What is needed
Print the data below verbatim, minus images.

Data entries
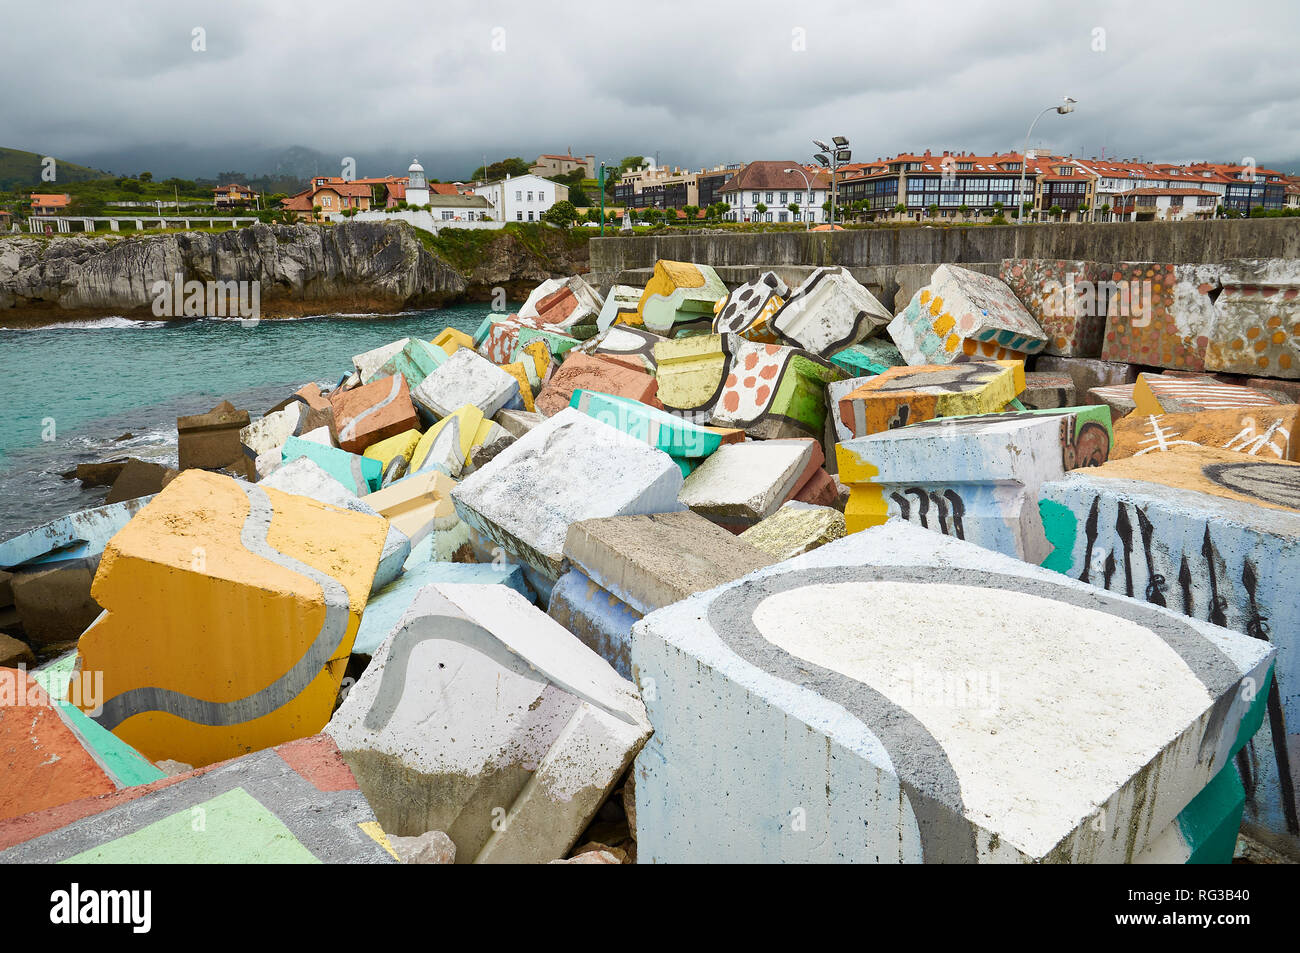 Cubos de la Memoria, intervention artistique d'Agustín Ibarrola de blocs de béton peints avec ville à l'arrière dans le port de Llanes (Asturies, Espagne) Banque D'Images
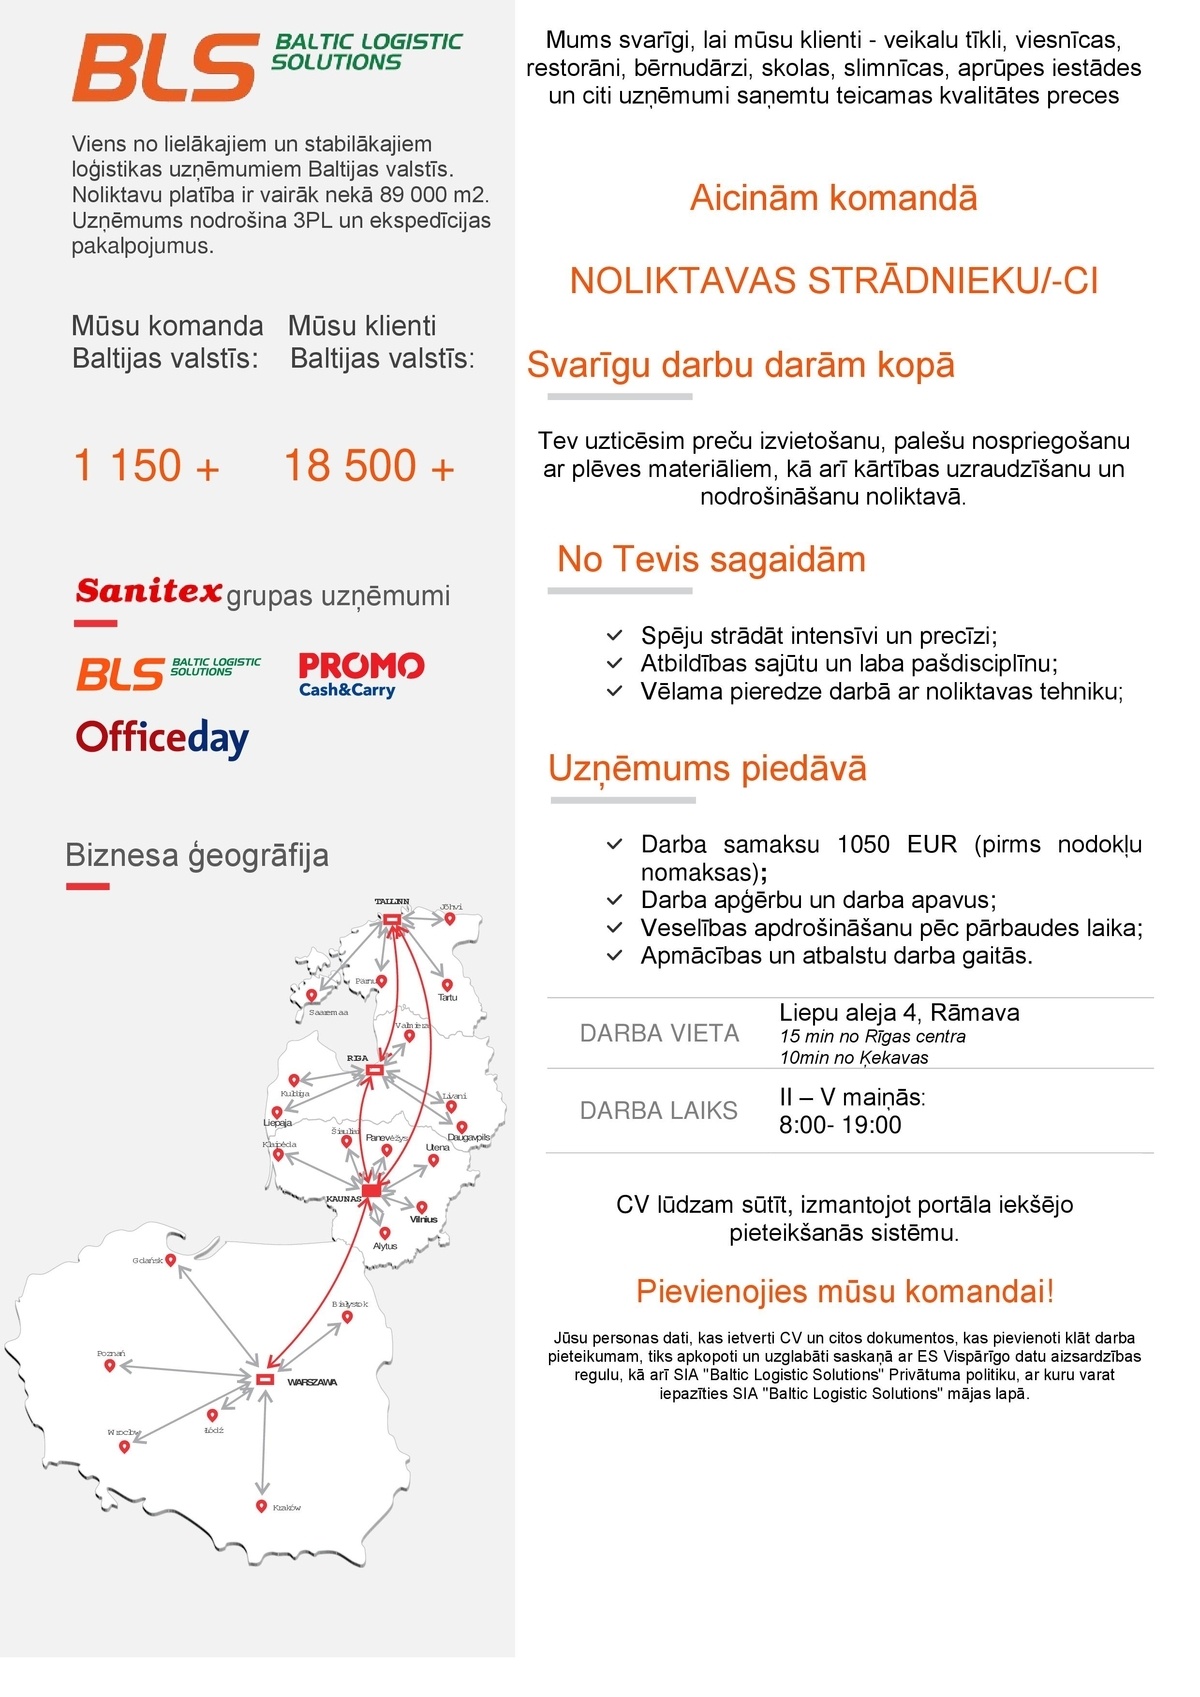 Baltic Logistic Solutions, SIA Noliktavas strādnieks/-ce
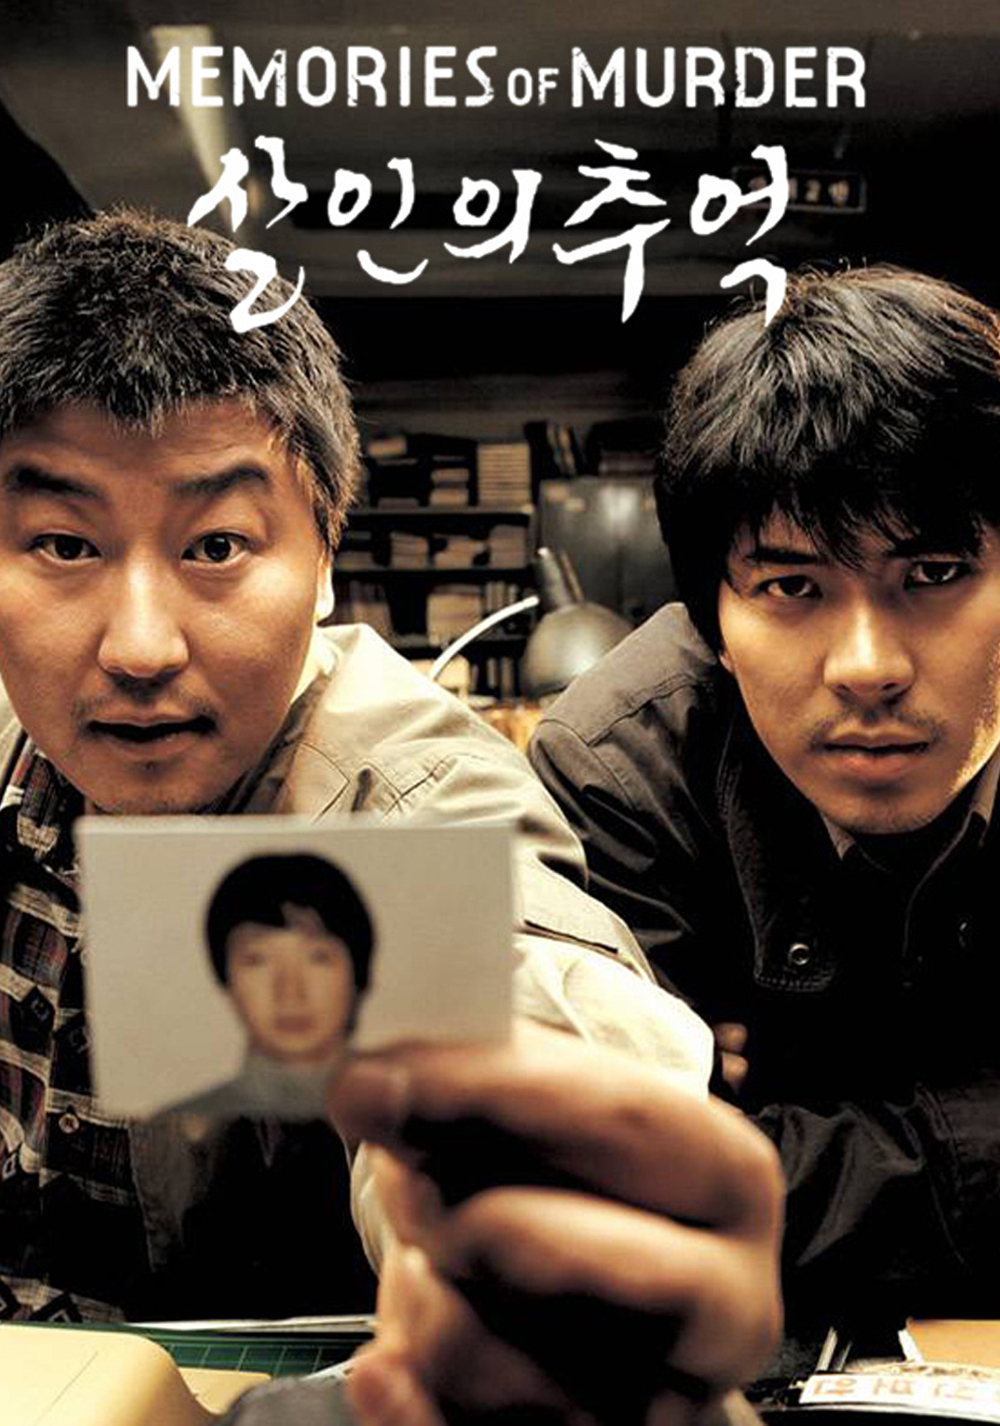 Những bộ phim Hàn Quốc hay nhất thế giới: Hồi ức kẻ sát nhân - Memories of Murder (2003)
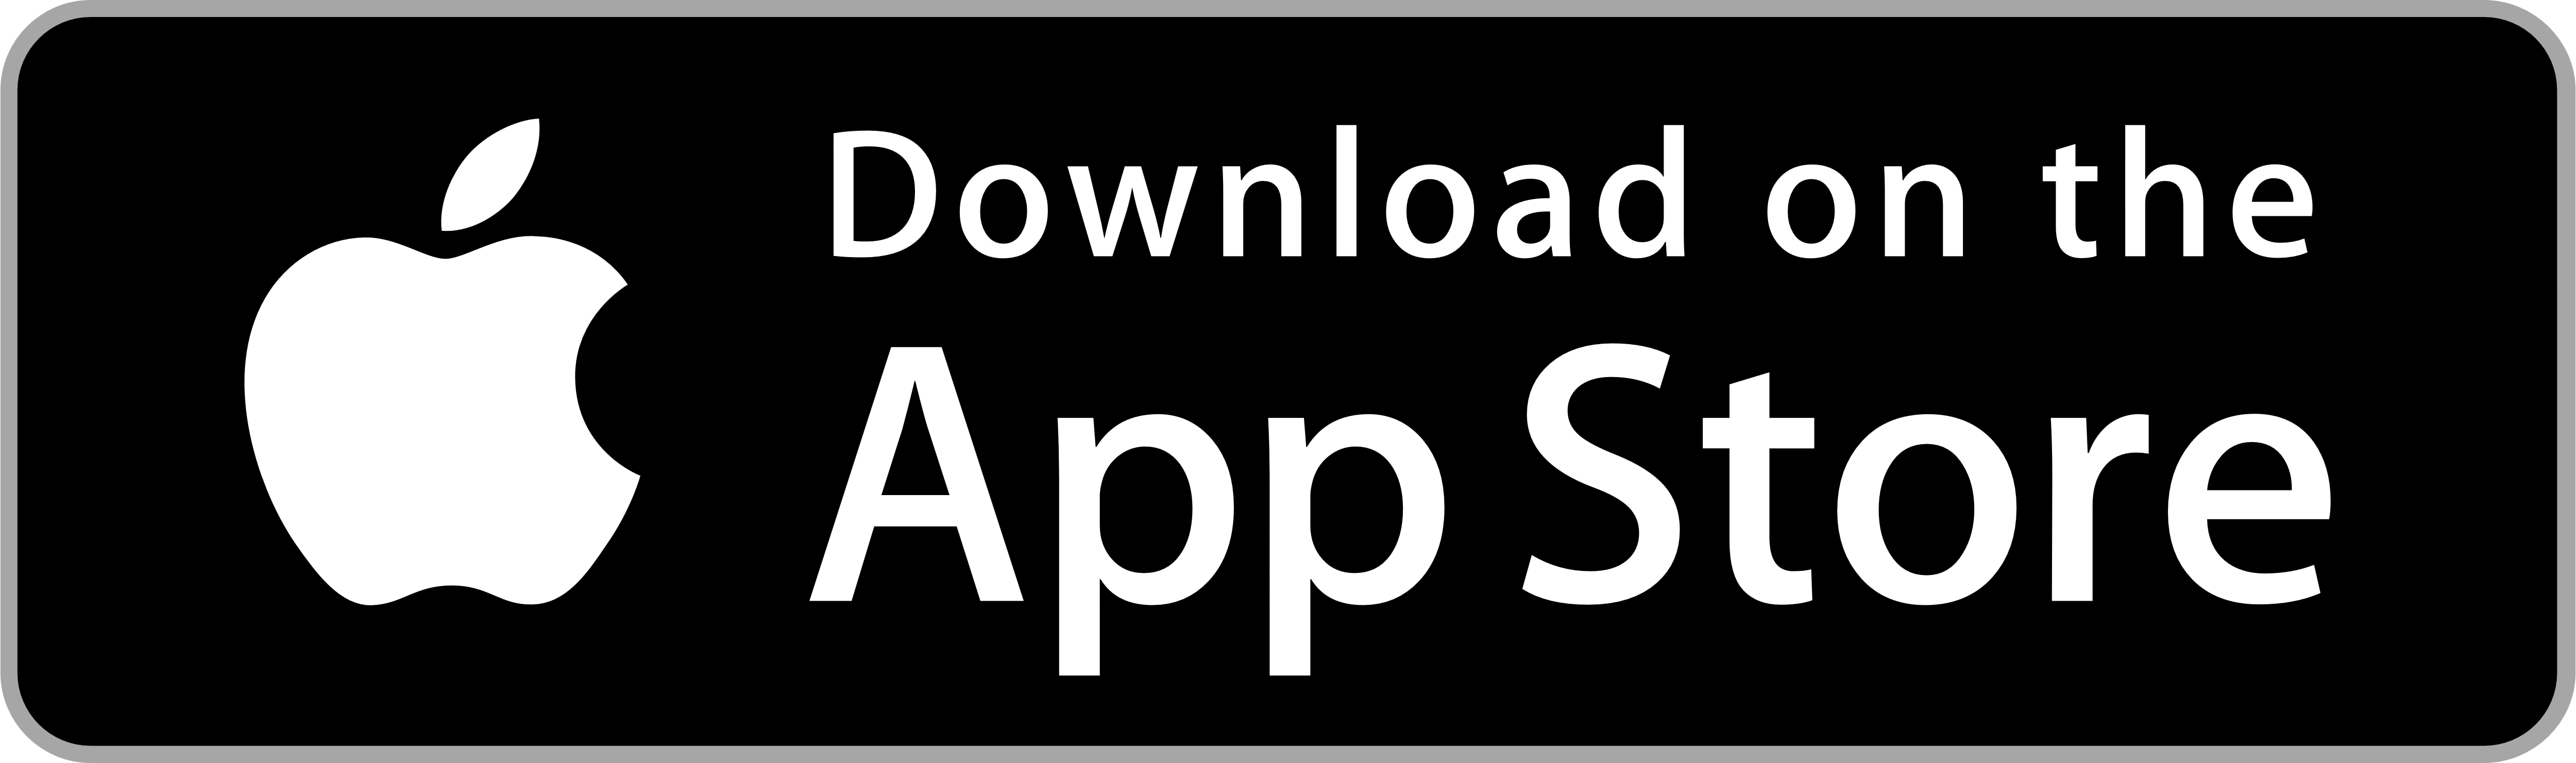 App Store - Logos Download
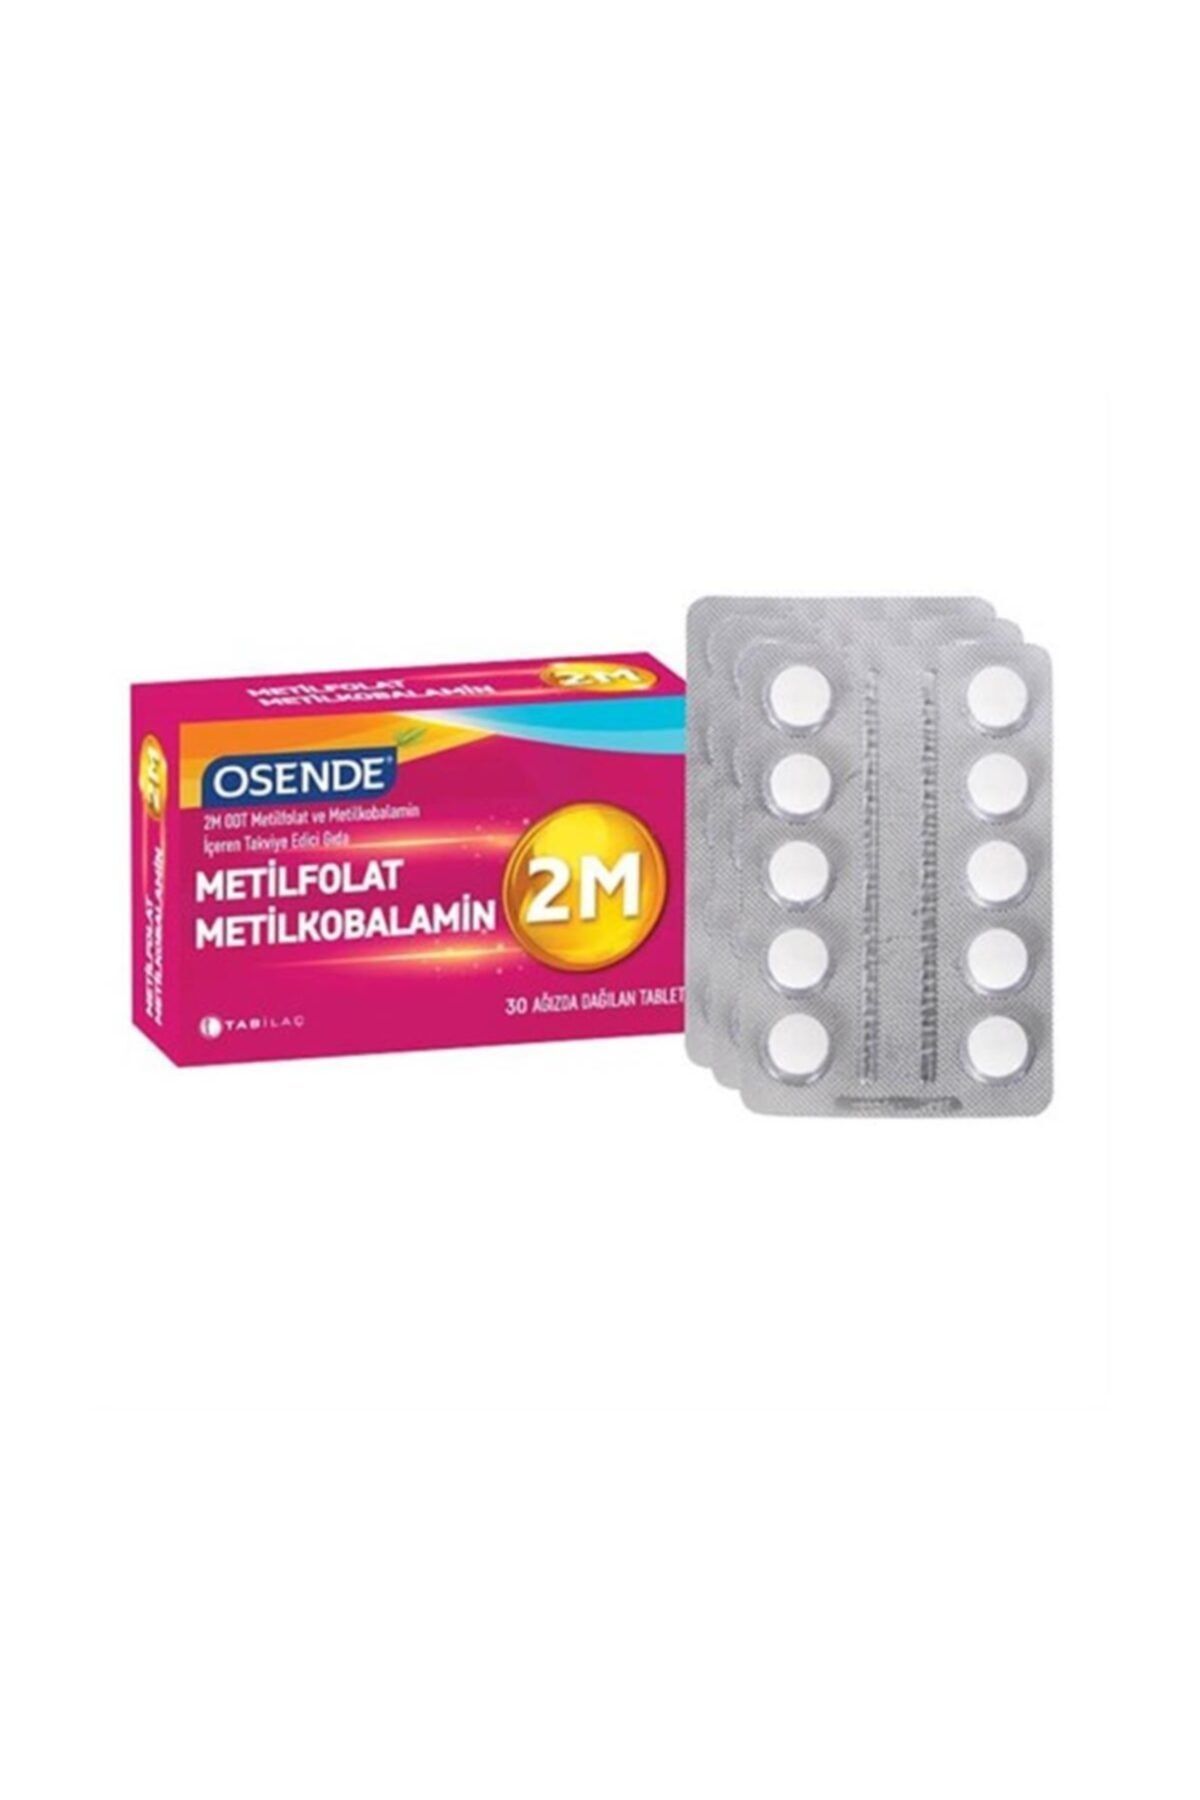 Osende 2m Odt Metilfolat & Metilkobalamin 30 Ağızda Dağılan Tablet

Exercise answer
 Cubos de la Memoria, intervention artistique d'Agustín Ibarrola de blocs de béton peints avec ville à l'arrière dans le port de Llanes (Asturies, Espagne) Banque D'Images
 Baltic Logistic Solutions, SIA Noliktavas strādnieks/-ce
 Những bộ phim Hàn Quốc hay nhất thế giới: Hồi ức kẻ sát nhân - Memories of Murder (2003)
 App Store - Logos Download
 Osende 2m Odt Metilfolat & Metilkobalamin 30 Ağızda Dağılan Tablet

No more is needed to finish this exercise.